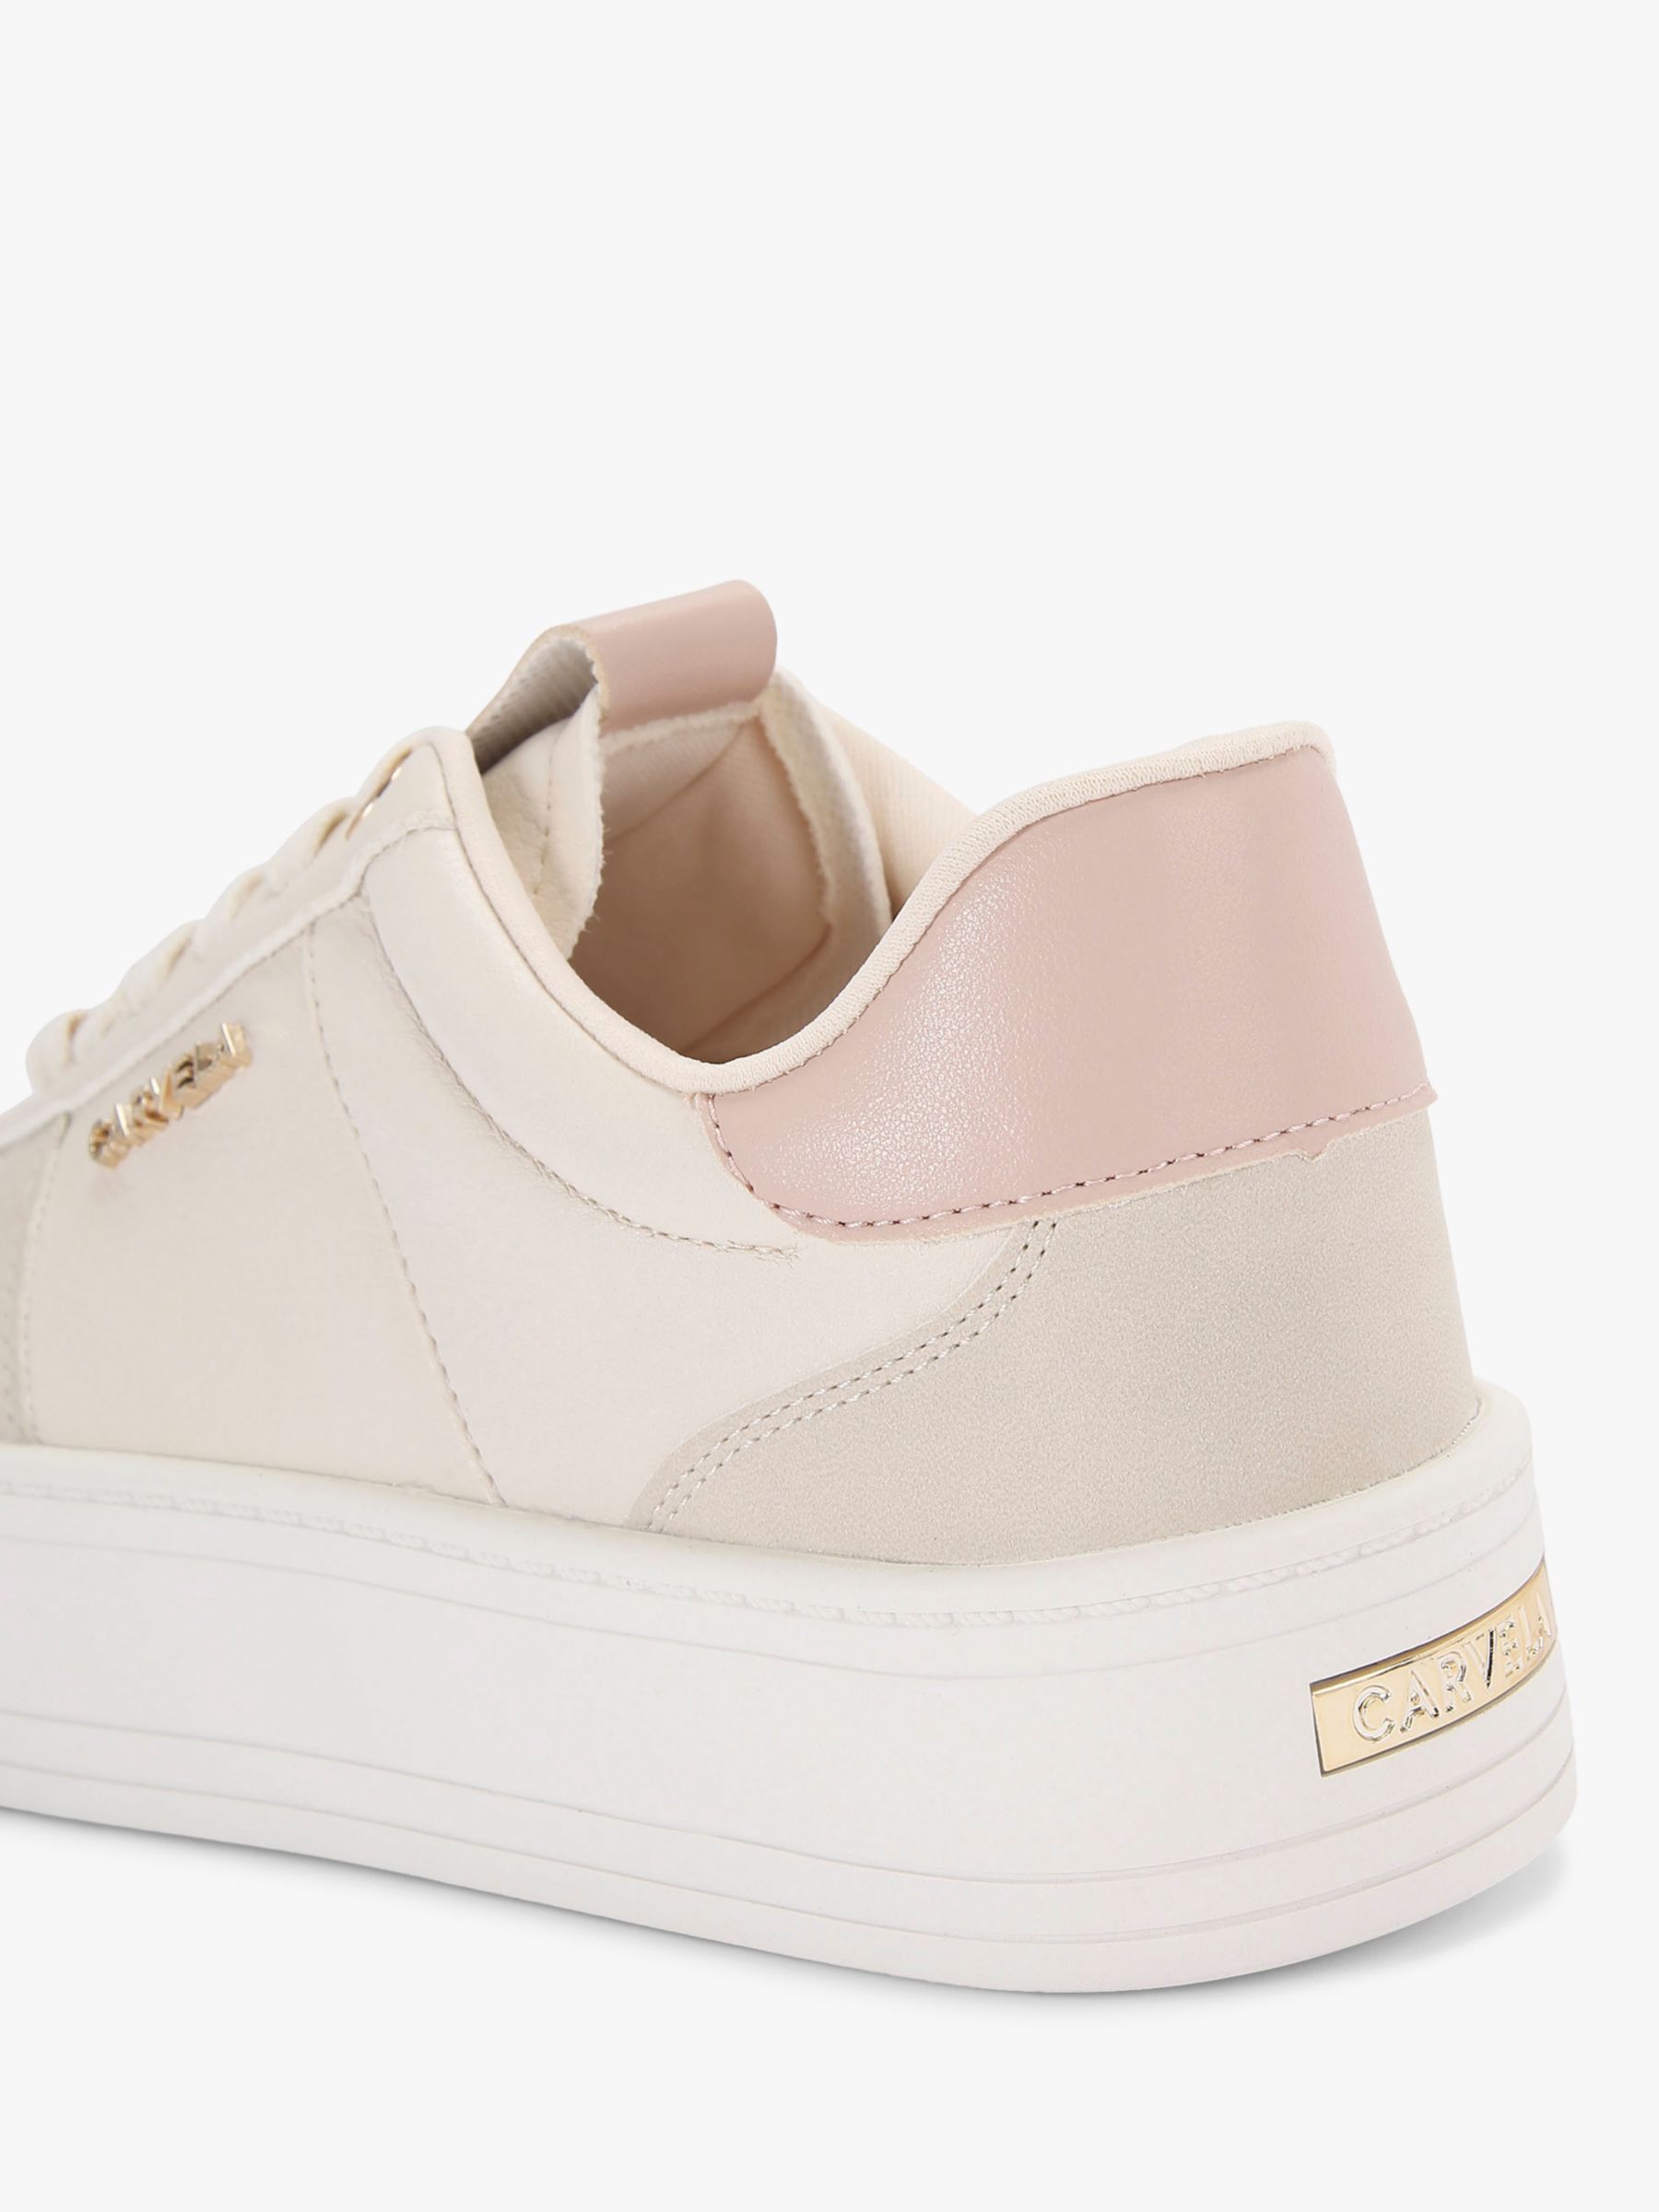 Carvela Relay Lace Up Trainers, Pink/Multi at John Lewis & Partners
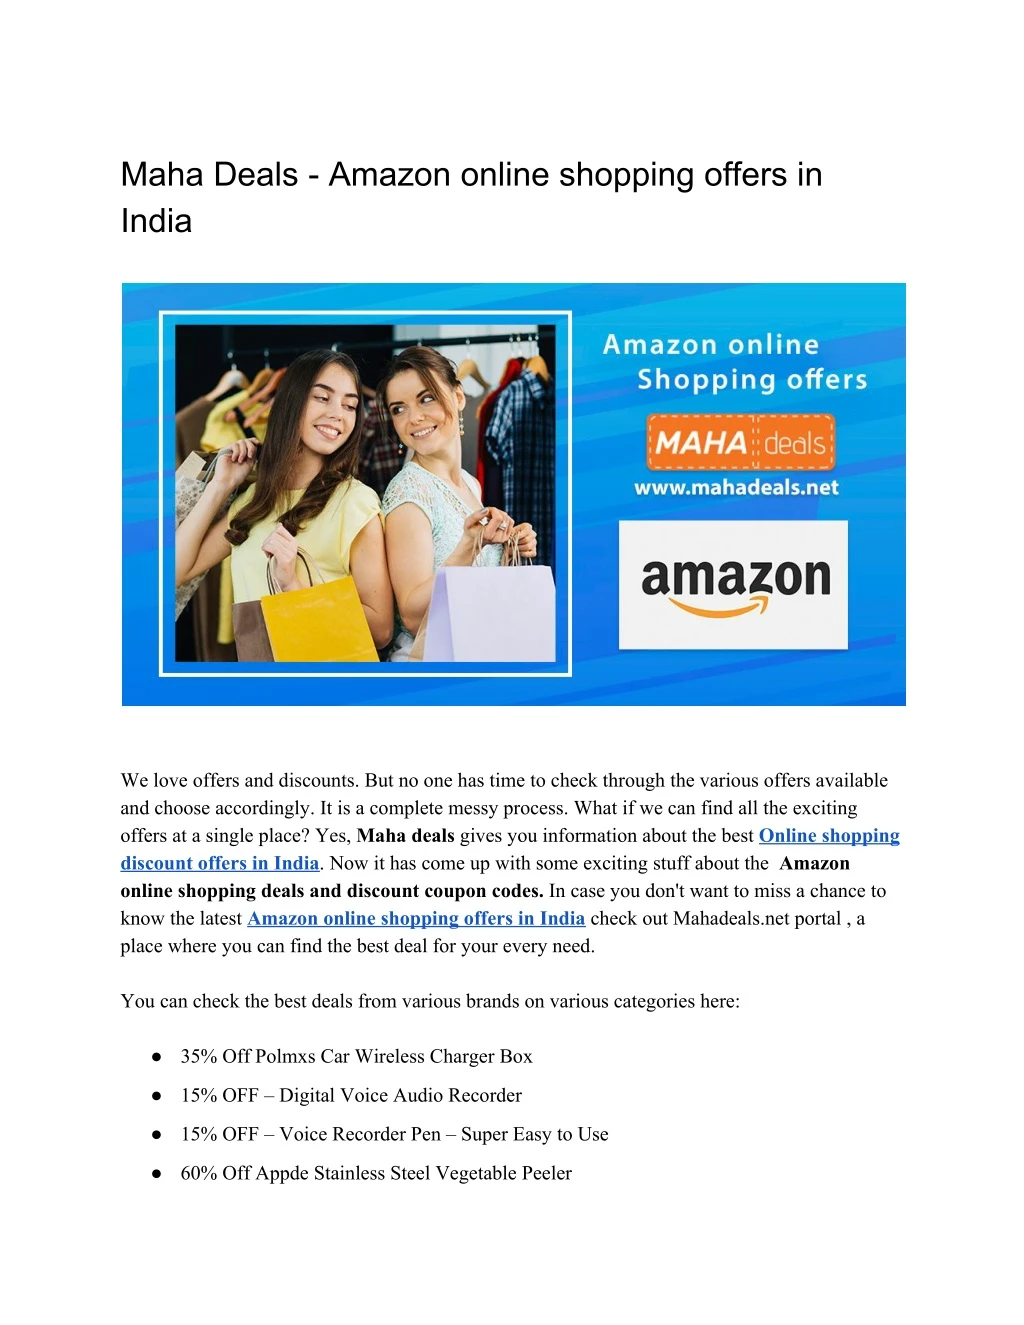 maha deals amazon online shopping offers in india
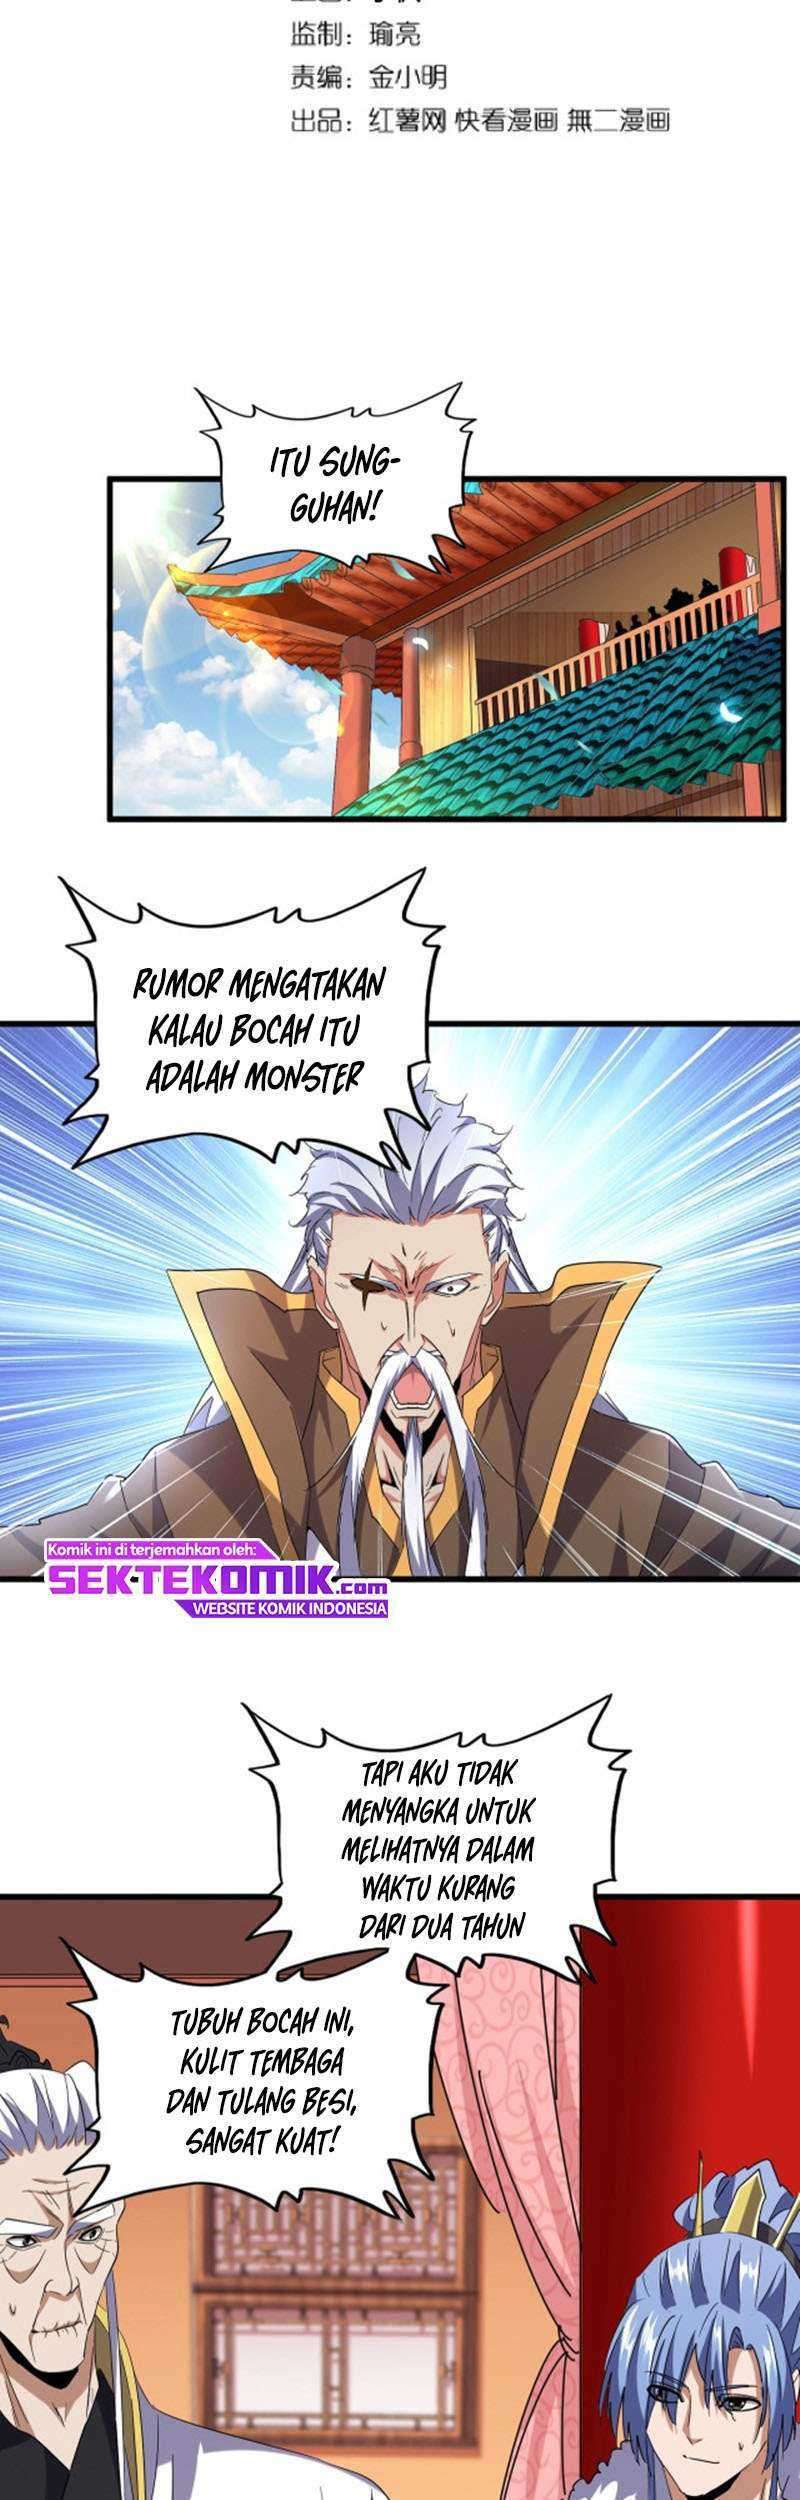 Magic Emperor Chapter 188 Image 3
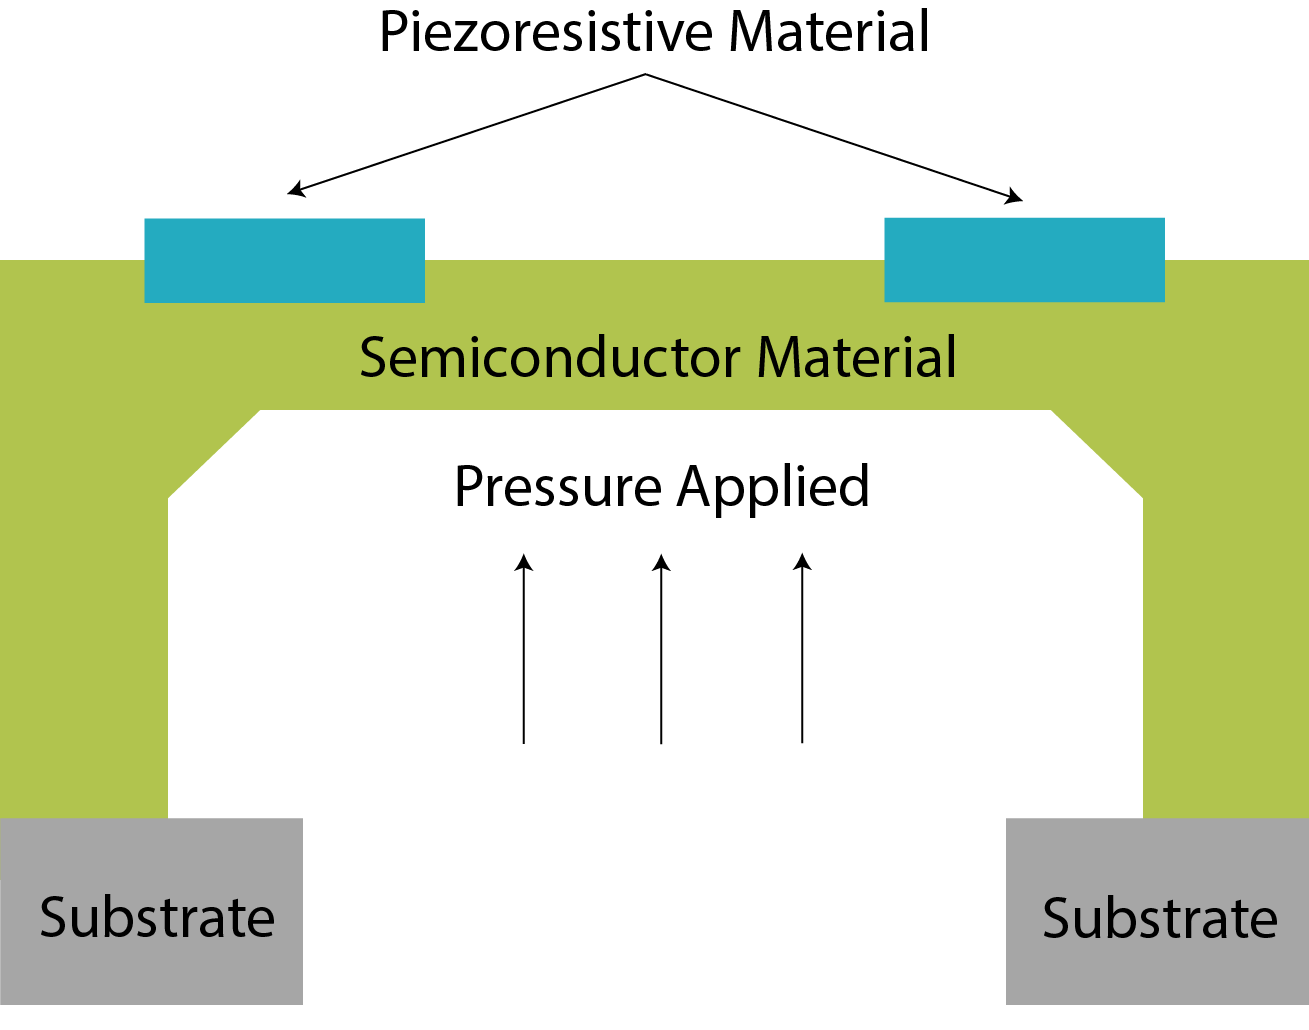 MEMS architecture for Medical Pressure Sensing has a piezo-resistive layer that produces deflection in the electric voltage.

# [ABOUT THIS EXERCISE]
An exact transcription is requested of each line from the one that holds "Magic Emperor Chapter 188 Image 3" to the end of the listing above, both boundary lines included; pictures are to be omitted.

# [SOLUTION FOR THIS PROBLEM]
 Magic Emperor Chapter 188 Image 3
 MEMS architecture for Medical Pressure Sensing has a piezo-resistive layer that produces deflection in the electric voltage.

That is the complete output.